Она спасала от каторжной работы не только себя, но и свою мать. Это можно было понять, но это и ужасало меня. Едва переступив порог, я почувствовал: не избежать позора. Ничего особенного я не говорил ее матери или ей, но все, что говорил, теперь оказалось невпопад. И место в моих мечтах она занимала невпопад. Это сразу ударило в голову. А то, что в мыслях рядом с ней я отводил себе, теперь принадлежало лагерному коменданту.
В новом платье она сидела за небольшим столиком коменданта. А он в белой рубашке без пиджака на стуле у стены. И то, что они так вольно поменялись местами, было особенно неприятно.
Ни на мгновение я не забывал, зачем меня вызвали, но и страх, что они догадаются о моих мыслях, не оставлял меня. К этому прибавлялись сомнения, показывать коменданту, что мы знакомы, или нет, здороваться с ней или не надо.

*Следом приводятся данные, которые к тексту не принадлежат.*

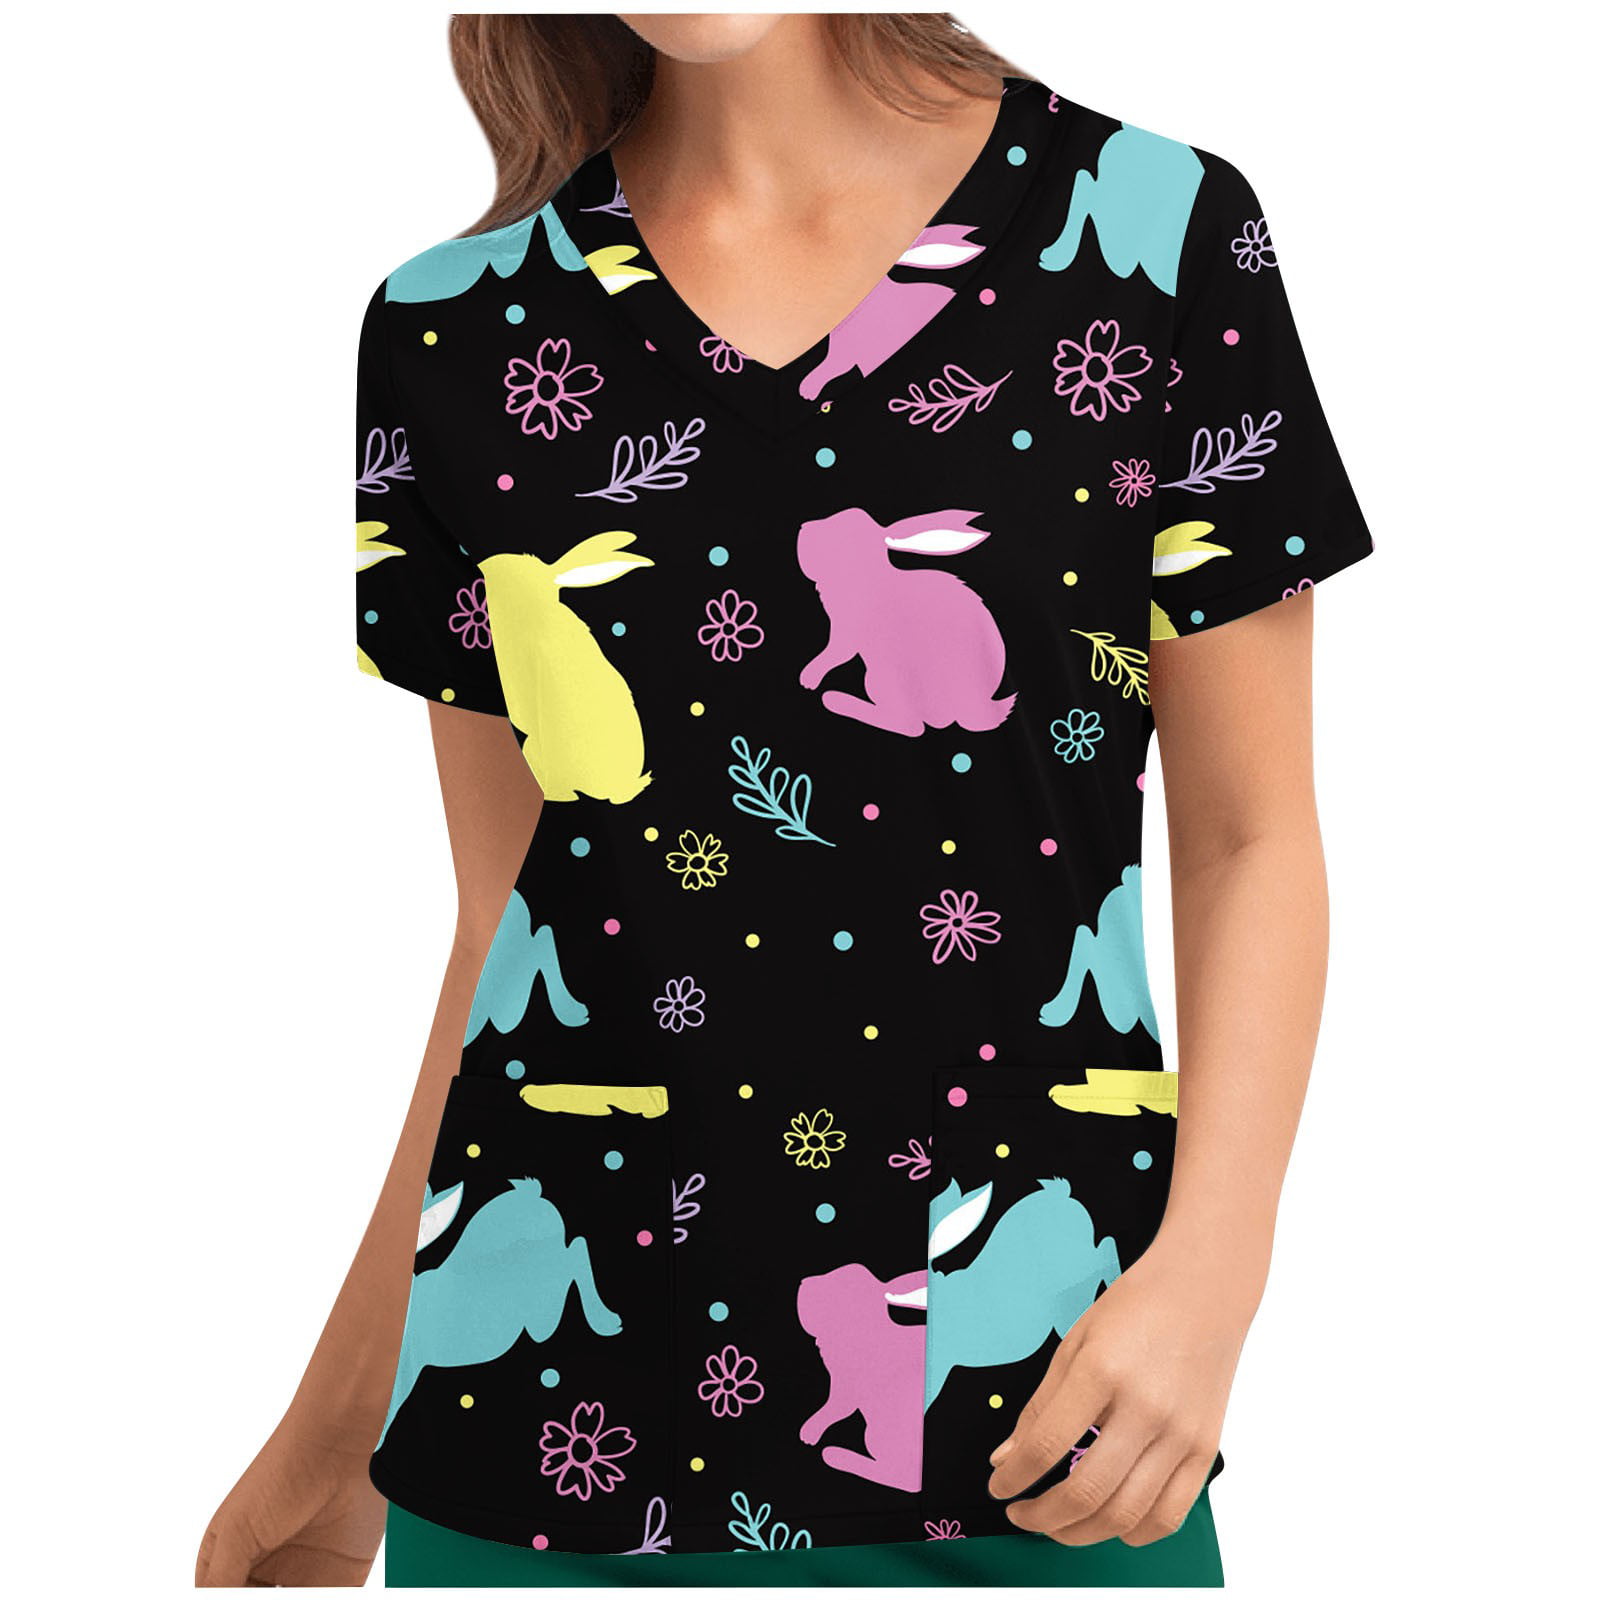 4th of july scrubs for women Cartoon Animal Print Scrub Shirt Tops Short  Sleeve v Neck Working Uniform Medical Workwear with Pocket

Был и совсем глупый страх. Вдруг ей меня первого переводить, и я буду невольным виновником того, что она провалится и ее отправят на фабрику. Какие-то сомнения одолевали и ее, и комендант спросил:
— Знакомы?
— Да, — кивнула она. — Из одного города.
В том, как она подбирала немецкие слова, не было свободы. Но больше перед предстоящим разговором меня напугала проницательность коменданта. На секунду он словно отстранился, давая нам возможность поговорить. Я спросил:
— Давно ты?
— Уже два месяца, — сказала она.
— Довольна?
— Очень культурный человек.
Я замолчал. И комендант сразу же быстро заговорил. И в звучности и гибкости его голоса было, казалось, нечто подтверждающее слова Светланы о нем. Это было и в его рубашке, и в том, как он перехватил сигареты, чтобы подать ей, и в атмосфере прерванного разговора, которую я застал, перешагнув порог комнаты. Она не сразу истаяла, и я подумал, что Светлана хорошо понимает коменданта, если так оживлена и раскраснелась. Это оживление, атмосфера прерванного разговора были мне неприятней, чем новое платье и шелковые чулки. Но она же давала надежду, что Светлана научилась немецкому языку.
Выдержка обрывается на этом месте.